Investigators said they will begin searching next year for the remains of an additional nine of 11 missing Marines who military officials believe were executed on Kwajalein in the Marshall Islands after being captured by the Japanese.
PRESS ADVISORY from the United States Department of Defense
No. 157-P PRESS ADVISORY
August 14, 2001
The commandant of the Marine Corps, Gen. James L. Jones, will speak at a memorial service for Marines of the 2nd Raider Battalion who were killed during a raid on Butaritari Island in 1942. The service and subsequent burial will take place at Arlington National Cemetery on Friday, Aug. 17 at 11 a.m. EDT.
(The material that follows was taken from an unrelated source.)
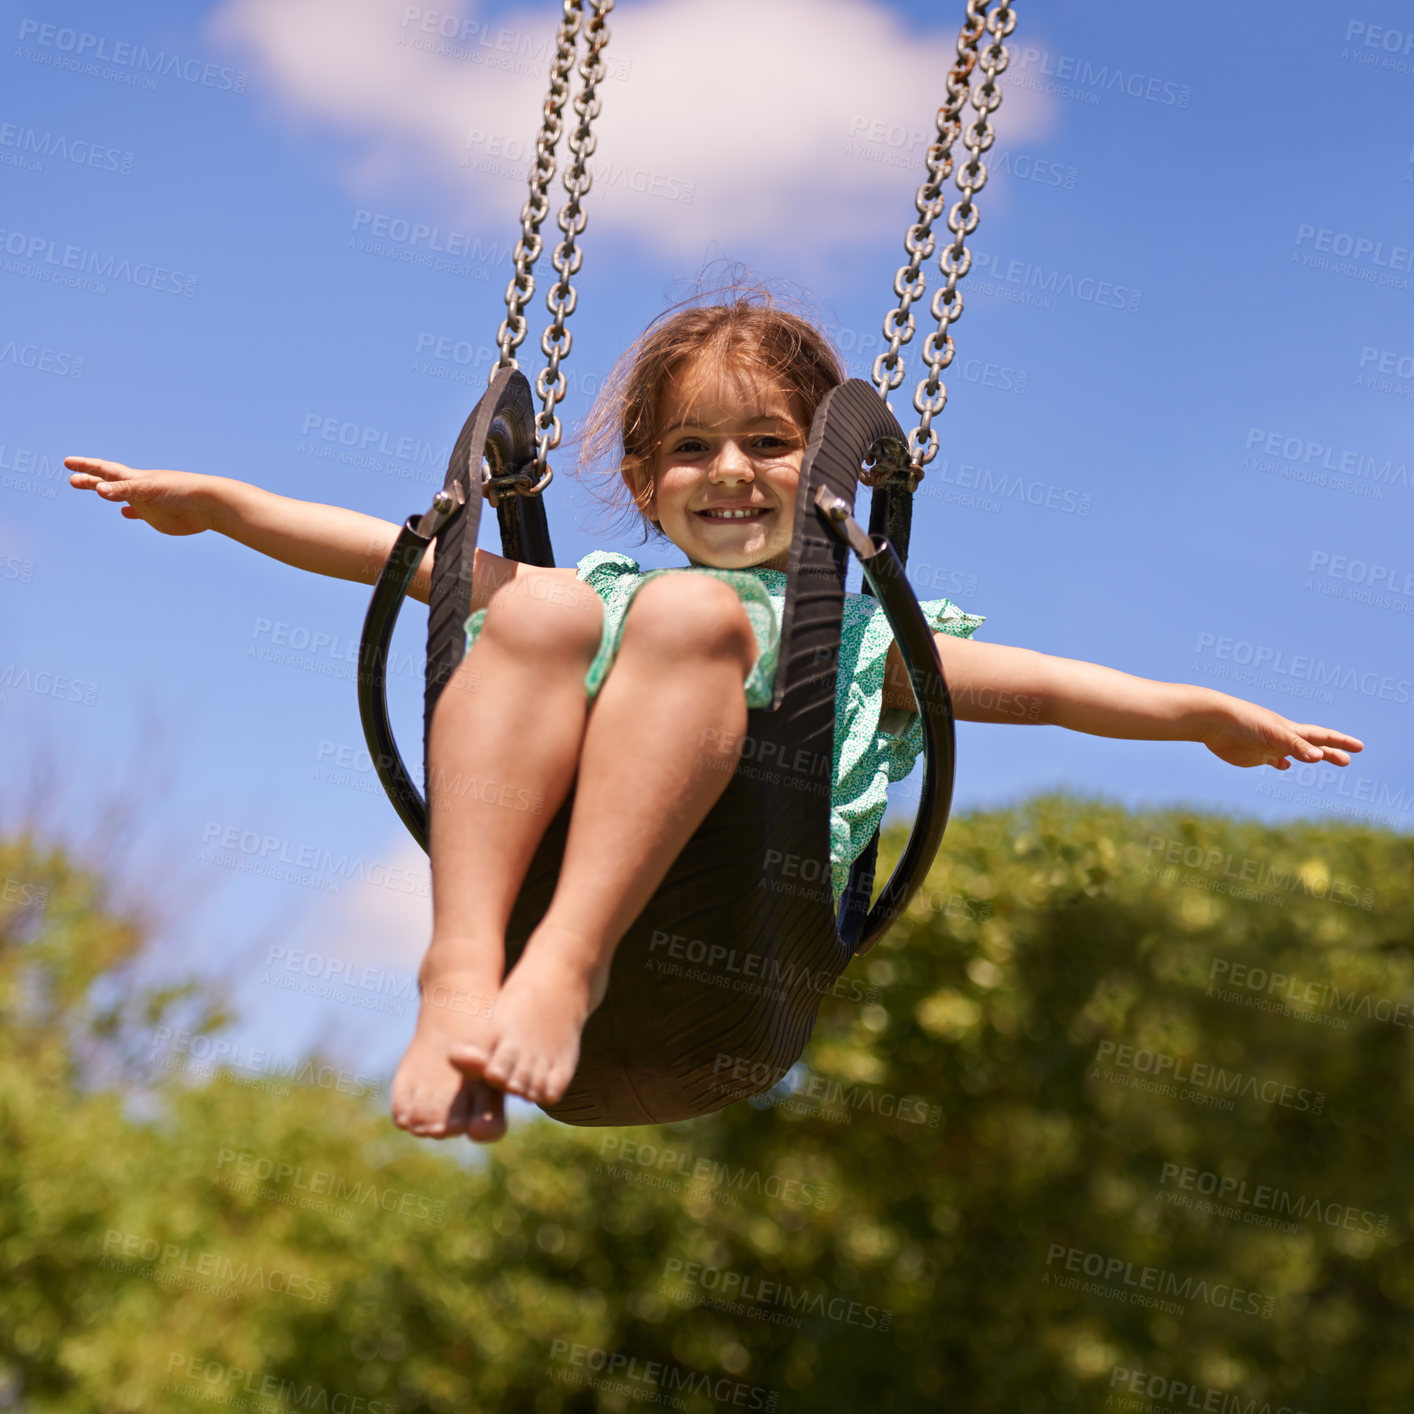 Buy stock photo Shot of a young girl playing on a swing outsdie

The remains are those of Captain Gerald P. Holtom, Palo Alto, California; Sergeant Clyde Thomason Atlanta, Georgia; FM1 Vernon L.Castle, Stillwater, Oklahoma; Corporal Daniel A. Gaston, Galveston, Texas;Corporal Edward Maciejewski, Chicago, Illinois; Corporal Robert B. Pearson, Lafayette, California; Private First Class William A. Gallagher, Wyandotte, Michigan; Private First Class Kenneth M. Montgomery, Eden, Wisconsin; Private First Class JohnE. Vandenberg, Kenosha, Wisconsin; Private Carlyle O. Larson, Glenwood, Minnesota; Private. Robert B. Maulding, Vista, California; Private Franklin M. Nodland, Marshalltown, Iowa; and Private Charles A. Selby, Ontonagon, Michigan.
The families of six other Marines killed during the raid elected to have private burials. A casket containing co-mingled remains will be interred during the ceremony in addition to the 13 individual caskets.
The 19 Marines were killed during a raid on Butaritari Island, in the Makin Atoll, August 17-18, 1942. They were members of the 2nd Raider Battalion, a Marine unit organized and trained to conduct commando and guerrilla-style attacks behind enemy lines. The unit was led by then-Lieutenant Colonel Evans Carlson and his econd-in-command, Major James Roosevelt, son of President Franklin D. Roosevelt. Sergeant Clyde Thomason, whose remains will be among those interred Friday, was the first enlisted Marine to earn the Medal of Honor in World War II.
During the two-day battle, the Raiders killed an estimated 83 Japanese soldiers, but their attempts to leave the island were bedeviled by a high and crashing surf and they were unable to evacuate the bodies of their fallen comrades.
In November 1999, a recovery team from the U.S. Army Central Identification Laboratory, Hawaii (CILHI), uncovered a mass grave on Butaritari Island and excavated the remains. The remains were transported to CILHI where an exhaustive process led to the identification of the Marines and the subsequent notification of their families.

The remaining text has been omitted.